How to PLINQ an existing LINQ query with Joins?

I'm using LINQ to compare two DataSets with each other to create new rows and update existing. I've noticed that the complete comparison lasts ~1,5 hours and only one of the two cores is busy(Task-Manager is 50-52% CPU Usage). I must admit that I'm completely new to parallel LINQ, but I assume that it could increase performance significantly.

So my question is, how and what should I parallelize?

These are the original queries(reduced to the essentials):

'check for new data
Dim srcUnique = From row In src.Email_Total
                Select Ticket_ID = row.ticket_id, Interaction = row.interaction, ModifiedAt = row.modified_time

Dim destUnique = From row In dest.ContactDetail
                 Where row.ContactRow.fiContactType = emailContactType.idContactType
                 Select row.ContactRow.Ticket_ID, row.Interaction, row.ModifiedAt

'get all emails(contactdetails) that are in source but not in destination
Dim diffRows = srcUnique.Except(destUnique).ToList

'get all new emails(according to ticket_id) for calculating contact columns
Dim newRowsTickets = (From row In src.Email_Total
                     Join d In diffRows
                     On row.ticket_id Equals d.Ticket_ID _
                     And row.interaction Equals d.Interaction _
                     And row.modified_time Equals d.ModifiedAt
                     Group row By Ticket_ID = row.ticket_id Into NewTicketRows = Group).ToList

For Each ticket In newRowsTickets
     Dim contact = dest.Contact.FindByTicket_IDfiContactType(ticket.Ticket_ID, emailContactType.idContactType)
     If contact Is Nothing Then
          ' Create new Contact with many sub-queries on this ticket(omitted) ****'
          Dim newContact = Me.dest.Contact.NewContactRow
          dest.Contact.AddContactRow(newContact)
          contact = newContact
     Else
          ' Update Contact with many sub-queries on this ticket(omitted) '
     End If
     daContact.Update(dest.Contact)

     ' Add new ContactDetail-Rows from this Ticket(this is the counterpart of the src.Email_Total-Rows, details omitted) '
     For Each newRow In ticket.NewTicketRows
         Dim newContactDetail = dest.ContactDetail.NewContactDetailRow
         newContactDetail.ContactRow = contact
         dest.ContactDetail.AddContactDetailRow(newContactDetail)
     Next
     daContactDetails.Update(dest.ContactDetail)
Next

Note: daContact and daContactDetails are SqlDataAdapters, source and dest are DataSets and Contact and ContactDetail are DataTables, where every ContactDetail belongs to a Contact.

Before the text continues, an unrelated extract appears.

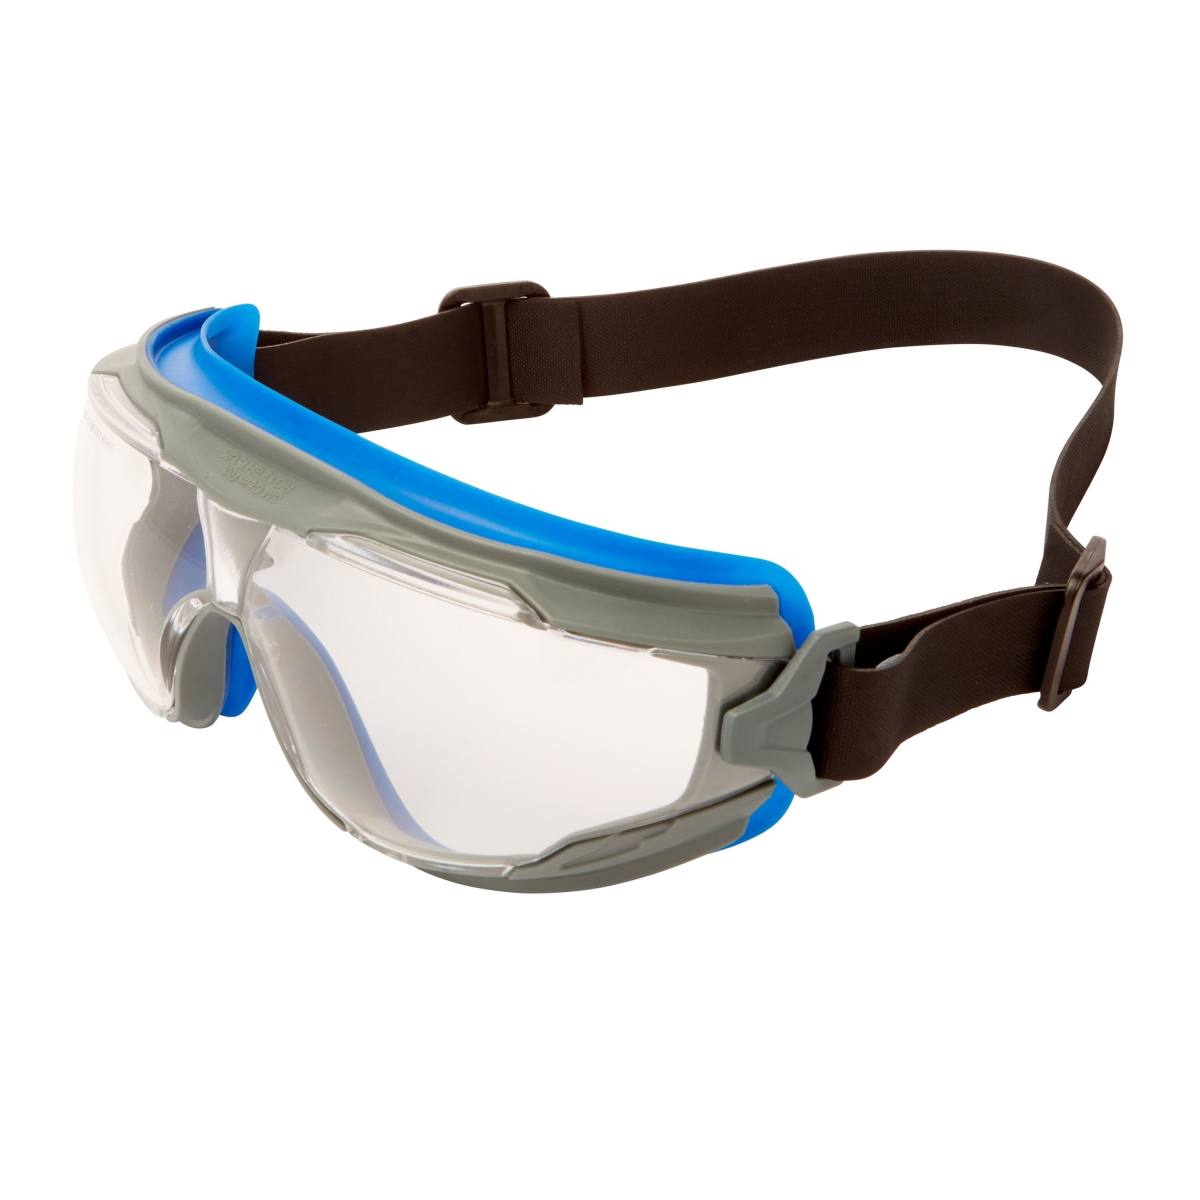 3M Gafas de visión total GoggleGear 500 GG501NSGAF-BLU, esterilizables en autoclave, montura gris azulada, cinta de neopreno negra, lentes transparentes

Even if not both cores would use 100% CPU, I assume that it would increase performance significantly if I would parallelize the queries, because the second core is nearly idle. The for each might also be a good place to optimize since the tickets are not related to each other. So I assume that I could loop with multiple threads and create/update records parallel. But how to do it with PLINQ?

Side Note: As I've mentioned in the comments, performance is not a key factor for me so far, since the server's only purpose is to synchronize the MySQL Database(on another server) with a MS SQL-Server(on the same server as this Windows-Service). It acts as a source for reports that are generated by another service. But these reports are only generated once a day. But apart from that I was interested in learning PLINQ because I thought that this could be an excellent exercise. It takes the mentioned 1,5h only if destination DB is empty and all records must be created. If both databases are nearly in sync, this method takes only ~1 minute yet. In future performance will become more important since email is only one of several contact-types(chat+calls will exceed 1mil.records). I think that I'll anyway need some kind of (LINQ) Data-Paging then.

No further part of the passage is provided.